── EXTRACTED DATA

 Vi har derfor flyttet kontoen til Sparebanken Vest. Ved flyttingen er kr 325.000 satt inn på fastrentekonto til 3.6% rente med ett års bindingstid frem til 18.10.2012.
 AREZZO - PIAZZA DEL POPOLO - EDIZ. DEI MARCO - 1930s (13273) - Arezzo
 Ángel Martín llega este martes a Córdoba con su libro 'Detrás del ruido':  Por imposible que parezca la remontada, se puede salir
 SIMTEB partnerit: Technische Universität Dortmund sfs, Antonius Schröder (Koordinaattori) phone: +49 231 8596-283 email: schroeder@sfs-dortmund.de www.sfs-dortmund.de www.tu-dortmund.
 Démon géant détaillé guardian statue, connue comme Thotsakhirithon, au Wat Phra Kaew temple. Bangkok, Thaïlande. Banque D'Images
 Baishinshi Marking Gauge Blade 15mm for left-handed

────

=== DESCRIPTION OF THE TASK ===
A word-for-word repeat of the full data is needed.

=== EXERCISE RESPONSE ===
 Vi har derfor flyttet kontoen til Sparebanken Vest. Ved flyttingen er kr 325.000 satt inn på fastrentekonto til 3.6% rente med ett års bindingstid frem til 18.10.2012.
 AREZZO - PIAZZA DEL POPOLO - EDIZ. DEI MARCO - 1930s (13273) - Arezzo
 Ángel Martín llega este martes a Córdoba con su libro 'Detrás del ruido':  Por imposible que parezca la remontada, se puede salir
 SIMTEB partnerit: Technische Universität Dortmund sfs, Antonius Schröder (Koordinaattori) phone: +49 231 8596-283 email: schroeder@sfs-dortmund.de www.sfs-dortmund.de www.tu-dortmund.
 Démon géant détaillé guardian statue, connue comme Thotsakhirithon, au Wat Phra Kaew temple. Bangkok, Thaïlande. Banque D'Images
 Baishinshi Marking Gauge Blade 15mm for left-handed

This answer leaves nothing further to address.